WHERE (to_tsvector('english', "entities"."name"::text) @@ to_tsquery('english', 'banana'::text))
LIMIT 5;
QUERY PLAN
-----------------------------------------------------------------------------------------------------------------------------------------------------------
Limit (cost=43.31..53.07 rows=5 width=24) (actual time=76.583..103.623 rows=5 loops=1)
-> Bitmap Heap Scan on entities (cost=43.31..4467.60 rows=2266 width=24) (actual time=76.581..103.613 rows=5 loops=1)
Recheck Cond: (to_tsvector('english'::regconfig, (name)::text) @@ '''banana'''::tsquery)
-> Bitmap Index Scan on gin_ix_entity_full_text_search_name (cost=0.00..43.20 rows=2266 width=0) (actual time=53.592..53.592 rows=1495 loops=1)
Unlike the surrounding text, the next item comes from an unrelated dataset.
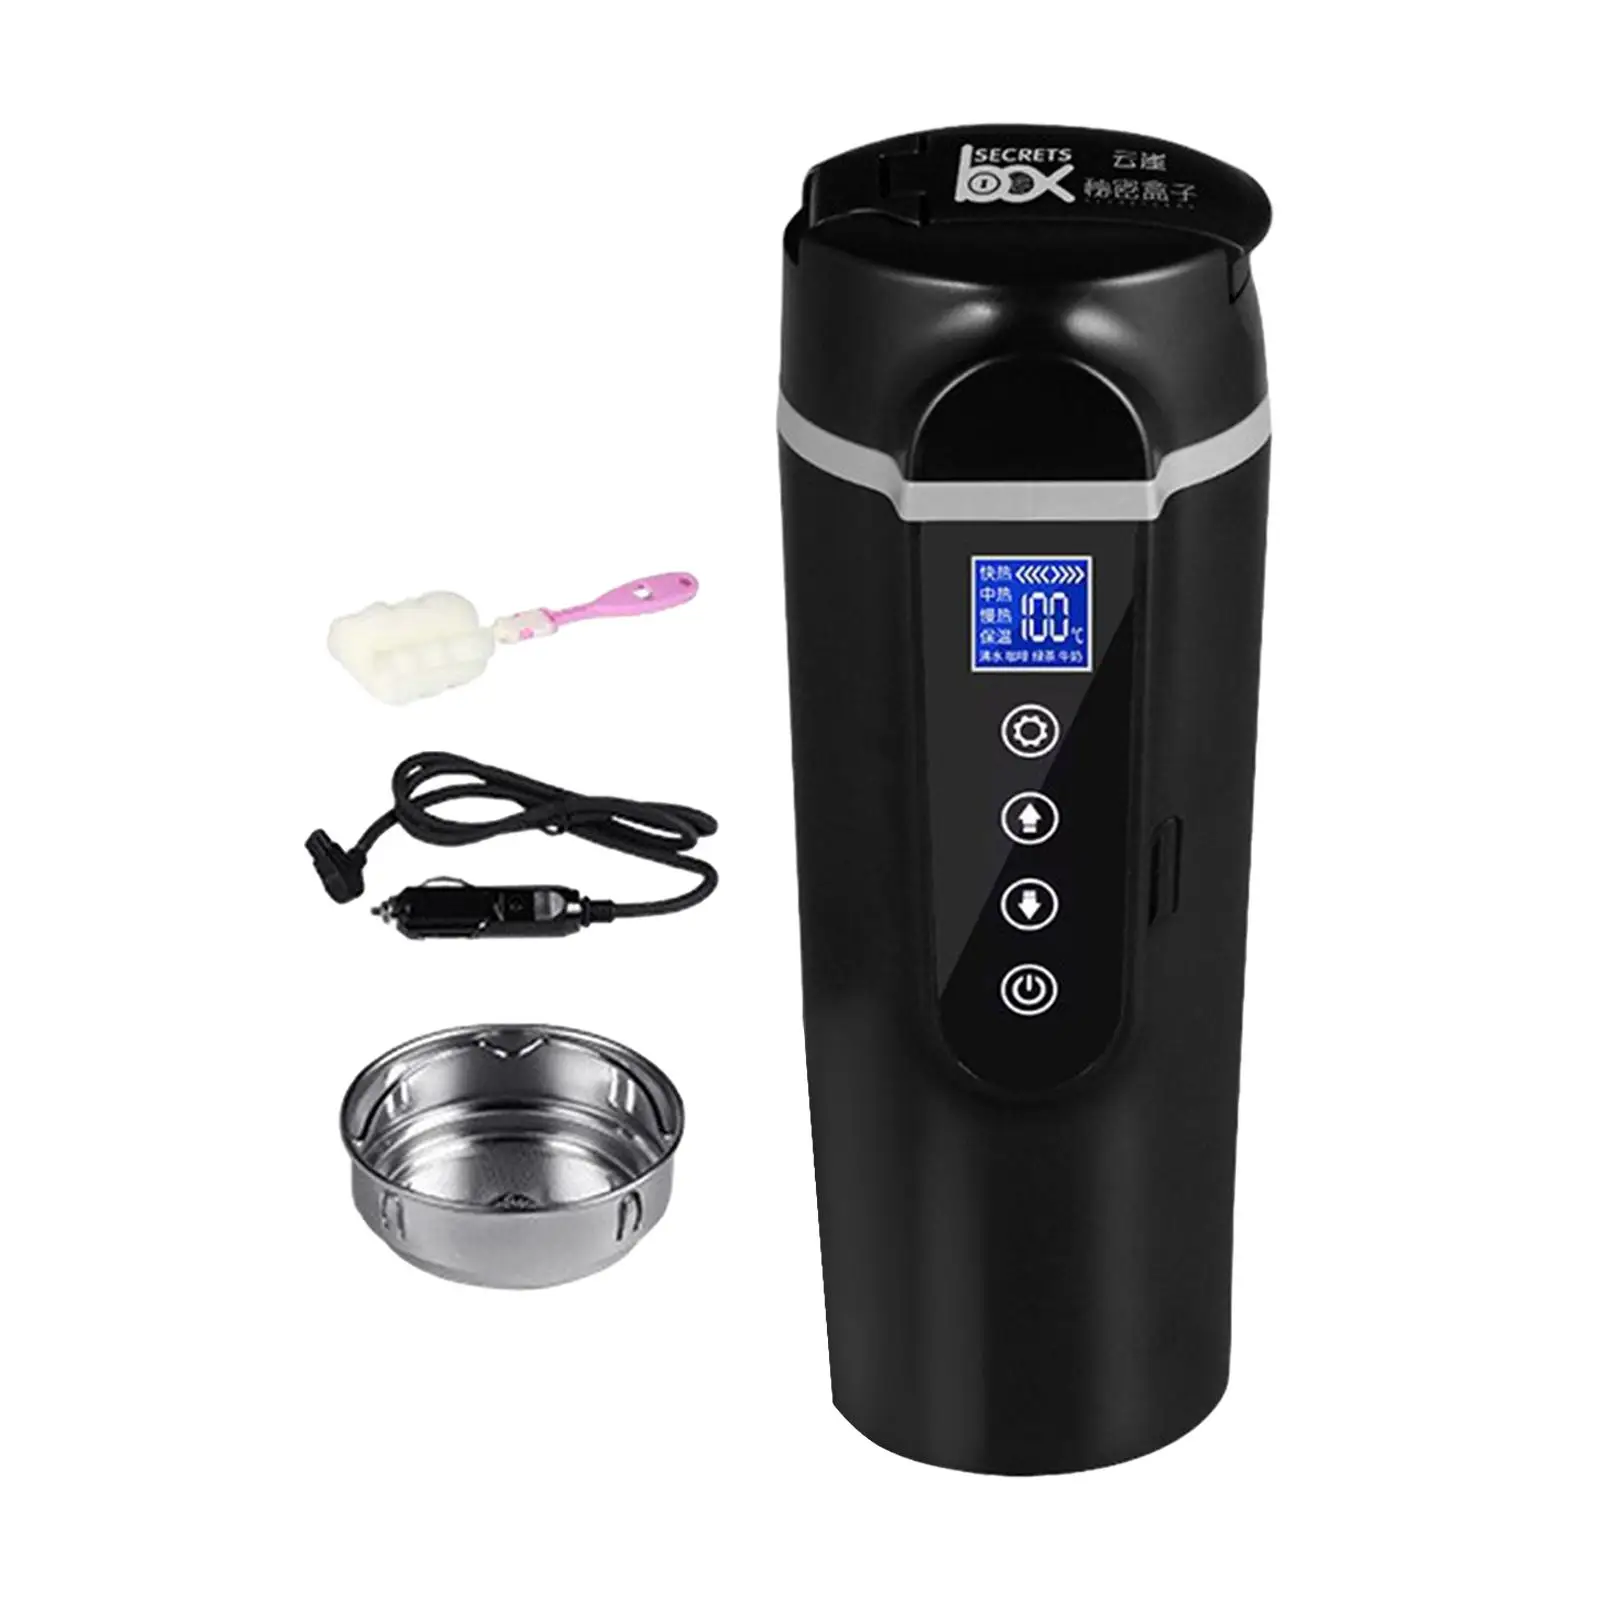 Car Heating Cup LED Display Electric Tea Kettle for Auto Car Trip Camping

Index Cond: (to_tsvector('english'::regconfig, (name)::text) @@ '''banana'''::tsquery)
Total runtime: 103.680 ms
(6 rows)
VS with ORDER BY STATEMENT
d6ifslbf0ugpu=> EXPLAIN ANALYZE SELECT "entities"."name",
ts_rank(to_tsvector('english', "entities"."name"::text),
to_tsquery('english', 'banana'::text)) AS "rank0.48661998202865475"
FROM "entities"
WHERE (to_tsvector('english', "entities"."name"::text) @@ to_tsquery('english', 'banana'::text))
ORDER BY "rank0.48661998202865475" DESC LIMIT 5;
QUERY PLAN
---------------------------------------------------------------------------------------------------------------------------------------------------------------
Limit (cost=4475.12..4475.13 rows=5 width=24) (actual time=15013.735..15013.741 rows=5 loops=1)
-> Sort (cost=4475.12..4476.26 rows=2266 width=24) (actual time=15013.732..15013.735 rows=5 loops=1)
Sort Key: (ts_rank(to_tsvector('english'::regconfig, (name)::text), '''banana'''::tsquery))
Sort Method: top-N heapsort Memory: 17kB
-> Bitmap Heap Scan on entities (cost=43.31..4467.60 rows=2266 width=24) (actual time=0.872..15006.763 rows=1495 loops=1)
Recheck Cond: (to_tsvector('english'::regconfig, (name)::text) @@ '''banana'''::tsquery)
-> Bitmap Index Scan on gin_ix_entity_full_text_search_name (cost=0.00..43.20 rows=2266 width=0) (actual time=0.549..0.549 rows=1495 loops=1)
Index Cond: (to_tsvector('english'::regconfig, (name)::text) @@ '''banana'''::tsquery)
Total runtime: 15013.805 ms
(9 rows)
What I still don't understand, is why this is slower. Looks like it's fetching the same amount of rows from Bitmap Heap Scan , but takes so much longer.